Im looking to drill a few tanks. Im going to get 1" bulkheads like these http://www.aquaticeco.com/customers...-Tank-Fitting-Kits/bulkhead/0]Aquatic]Aquatic Eco-Systems: Bulkhead Tank Fitting Kits[/url] Eco-Systems: Bulkhead Tank Fitting Kits[/url] and I am wondering what size Glass drill bit I would need. Thanks.


----------



## melas (Oct 24, 2007)

The posted diameter on the link you sent is the manufacturer's recommended hole size. If possible, purchase the bulkhead and then take it to the place that you will purchase the diamond bit. You want to the smallest hole that the bulkhead can fit through!

*edit*
hole size for a 1" bulkhead is 1 3/4" - this is actually VERY typical for 1" bulkheads


----------



## dendrorandall (Apr 30, 2007)

Im having a hard time finding a 44.5 mm bit. Would a 45 mm bit work?
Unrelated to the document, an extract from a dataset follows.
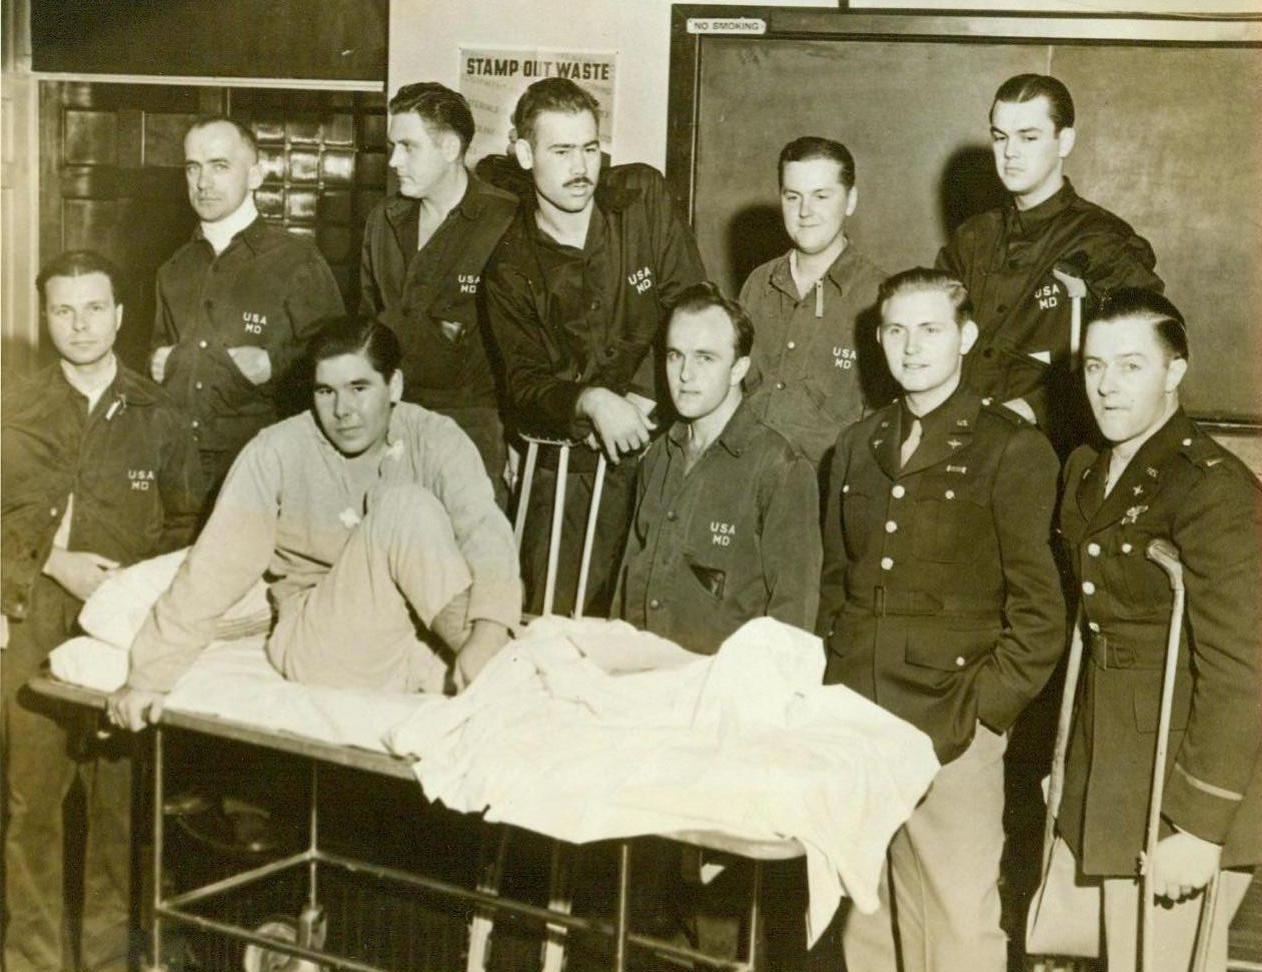 Back From Germany. Washington, D.C. – Ten of the 14 wounded American soldiers who were repatriated from Germany in an exchange of sick and wounded are interviewed at Walter Reed Hospital. Group around Corp. Rodney M. Graham (on cot) are (left to right) Sgt. Edwin N. Nelson, Marshall, Minn.; T/Sgt. Frank J. Bartnicki, Moosic, Pa.; S/Sgt. Milton K. Williams, North Platte, Neb.; Pvt. Robert M. Scott, Greensboro, N.C.; Pfc. Herbert L Ehrich, Brooklyn, N.Y.; Pvt. Leroy M. Keith, Denver, Pa,; First Lieut. Albert W. Glass, Jr., Macon, Ga.; S/Sgt. Norman C. Goodwin, Haverhill, Mass., and Second Lieut. Glen M. Harrington, Ogden, Utah. (ACME);

Might need silicone?

45mm Diamond tipped drill bit bits hole saw dewalt tile - eBay (item 350165416641 end time Feb-16-09 19:13:19 PST)



Also do I want the drill bit to be tipped or coated with diamonds?


----------



## melas (Oct 24, 2007)

dendrorandall said:


> Im having a hard time finding a 44.5 mm bit. Would a 45 mm bit work? Might need silicone?
> 
> 45mm Diamond tipped drill bit bits hole saw dewalt tile - eBay (item 350165416641 end time Feb-16-09 19:13:19 PST)
> 
> Also do I want the drill bit to be tipped or coated with diamonds?


here's one - again you want the hole to be as close to the size of the bulkhead as possible. However I don't know that .5mm will be a big deal - you don't want any part of trying to silicone (silicone doesn't stick to plastic very well or at all). The width of the rubber gasket will give you a little "wiggle" room.

1 3/4" Diamond Tile Glass Marble Hole Saw Drill bits - eBay (item 140269019771 end time Feb-18-09 01:14:37 PST)

I've always used diamond coated hole saw to drill glass in the past - I'm not sure what the diamond tipped would be like - I have a feeling that either would work - maybe someone will chime in on that.


----------



## wimpy (Dec 14, 2006)

I bought my 1.75" bit through Jehmco. While a bit more expensive, I've already cut around 30 holes with it and I can see that it has plenty of life left in it. It goes through glass, proverbally, like a hot knife through butter!I just let the weight of the drill do the work and 5 minutes later (1/4" glass) and it's through. Jehmco also has great customer service. 

Glass Drills


----------